Casein kinase inhibition in S2 cells
CK1 inhibition by RNAi was performed as described in Cell culture and RNAi. For chemical inhibition of CK1, all drugs were diluted into an equal final volume of DMSO and were added to S2 cells that had been plated on concanavalin A dishes for 2 h before treatment. The concentration of kinase inhibitors (EMD) was selected based on their Ki values (Table S1). S2 cells were fixed in 100% methanol (−20°C) and stained with anti–α-tubulin antibody (1:200; Sigma-Aldrich) and antiphospho–histone H3 antibody (1:500; Millipore). Fluorescent secondary antibodies (Cy2-conjugated anti–mouse and rhodamine Red-X–conjugated anti–rabbit; Jackson ImmunoResearch Laboratories).
Means of different experimental treatments were compared by one-way analysis of variance and the Bonferroni posttest. To compare frequencies of phenotypes (Fig. 3 a), the statistical test was performed using contingency tables and the Fisher exact test using Prism software. In figures, statistical significance is indicated with asterisks (*, P < 0.05; **, P < 0.01; ***, P < 0.001), and error bars indicate SD.

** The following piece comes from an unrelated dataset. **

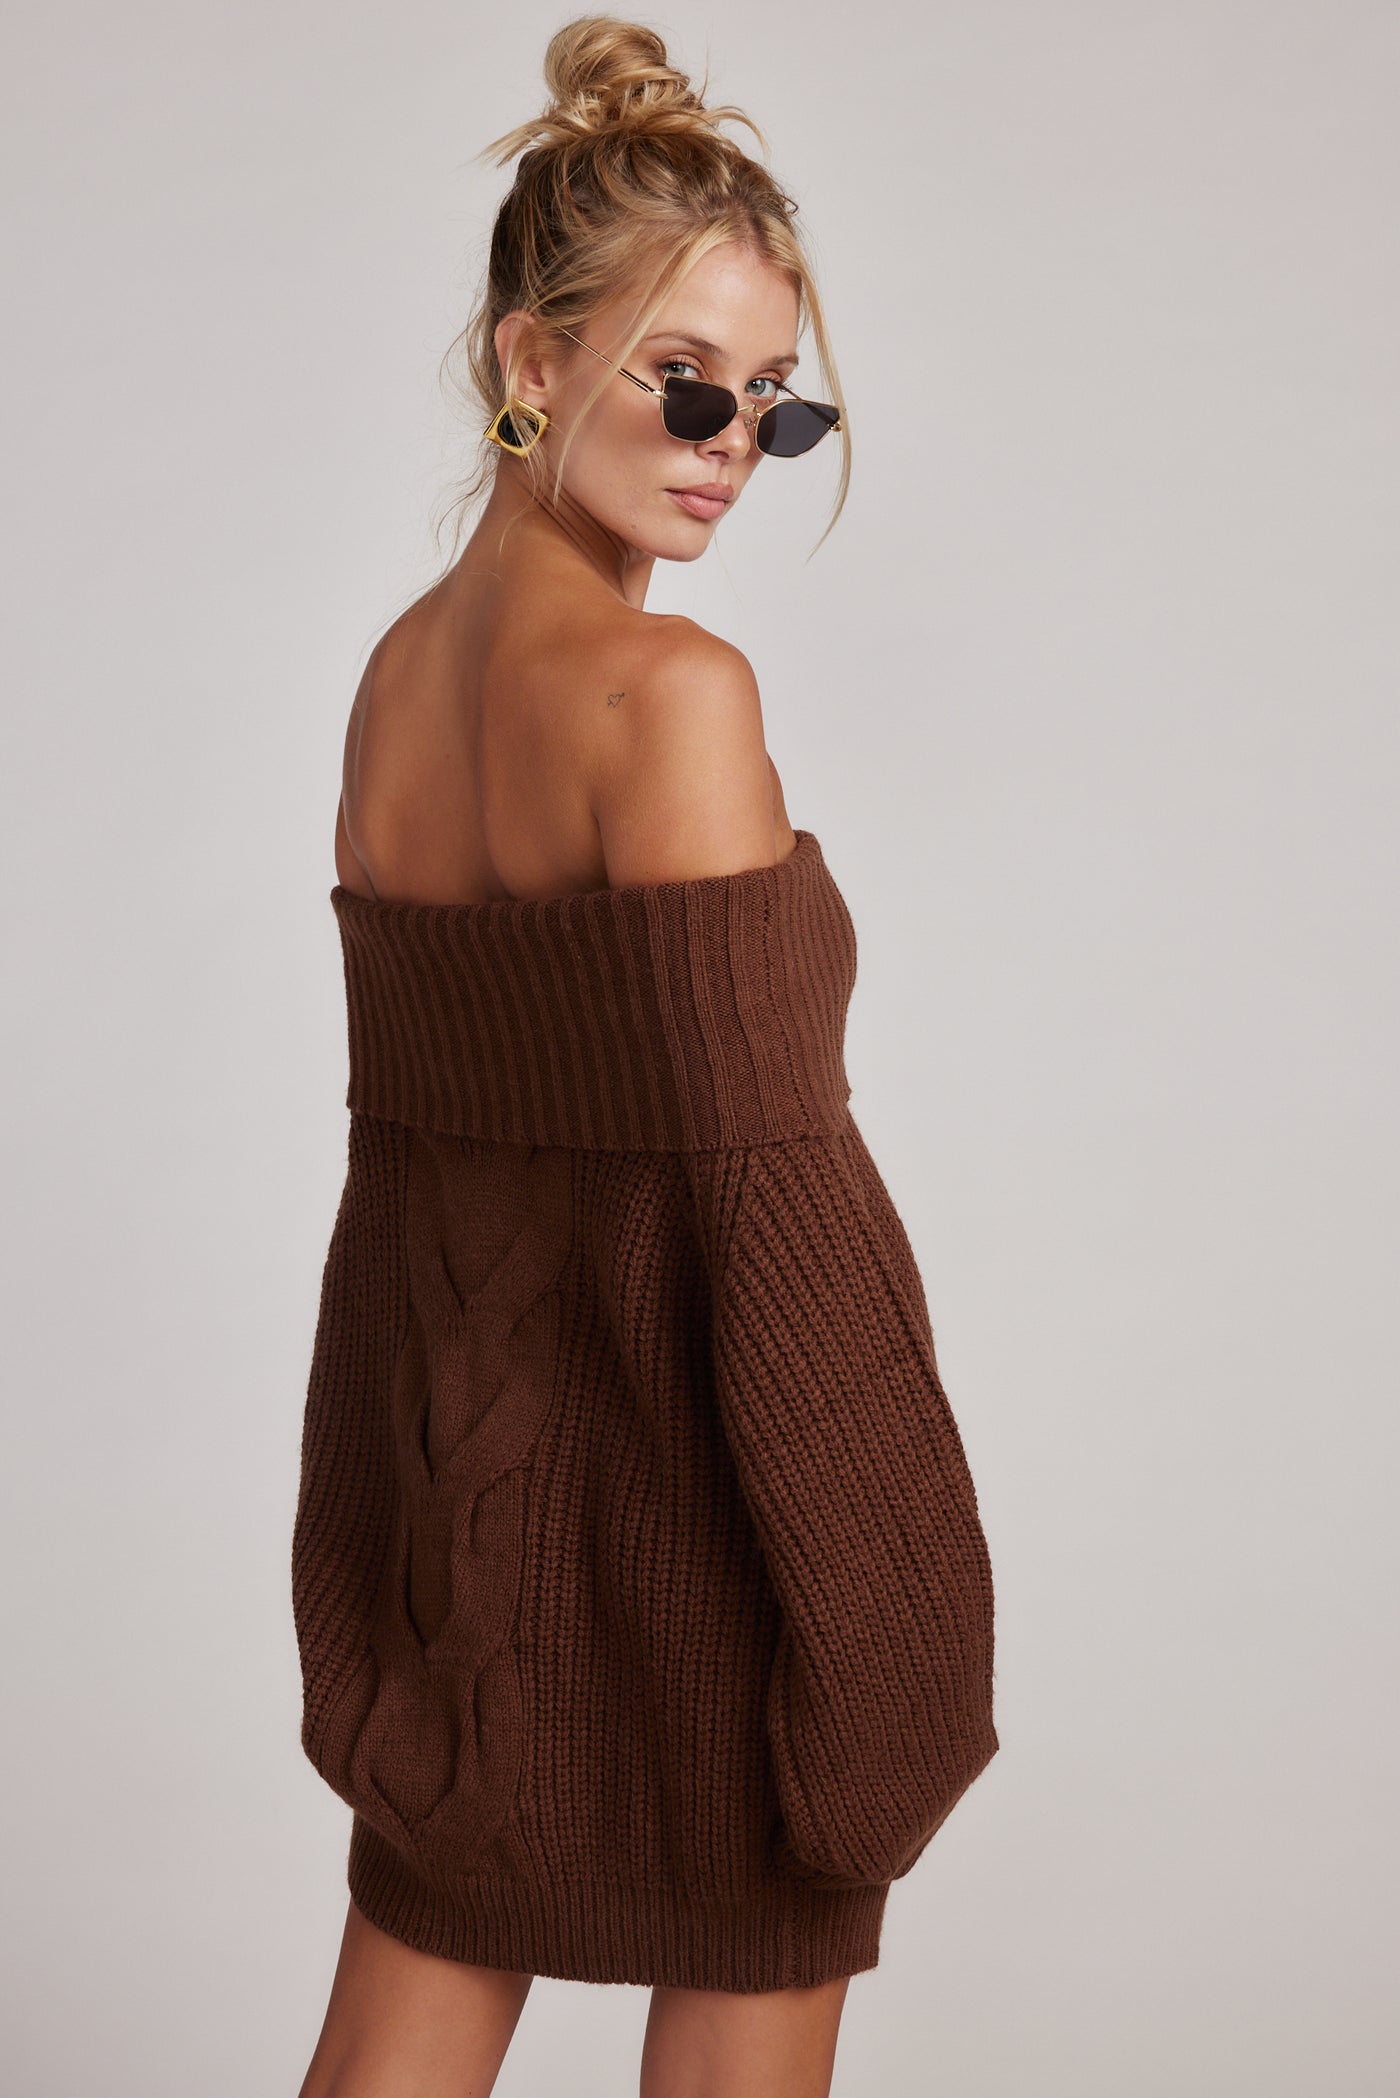 Rhetta Brown Knit Sweater

Online supplemental material
Fig. S1 shows MS/MS sequencing spectrum of KLP10A peptide 572–579 and a distribution histogram of the fluorescence intensities of cells expressing the mRFP fusion KLP10A constructs. Fig. S2 shows images of live S2 cells expressing EGFP-KLP10A wt and S573E protein. Fig. S3 shows poleward flux rates in cells expressing KLP10A wt and S573E, an electron micrograph showing that removal of the neck restores the ability of KLP10A S573E to form rings, and the effects of CK1 inhibition by IC261. Video 1 shows a live S2 cell stably transfected with EGFP-tubulin and mRFP-KLP10A wt in interphase. Video 2 shows the same but in a mitotic cell. Video 3 is a molecular dynamics simulation of the effect of S573 phosphorylation on the structure of the motor/neck domain. Video 4 shows the effects of CK1 inhibition on MTs in live S2 cells. Table S1 outlines characteristics of the kinase inhibitors used in this study.
We thank Laura B. Granell-Ortiz for her assistance with the molecular dynamics simulations.
This work was supported by the National Institutes of Health (grant R01 GM65940) to D.J. Sharp. D.J. Sharp is a Scholar of the Leukemia and Lymphoma Society.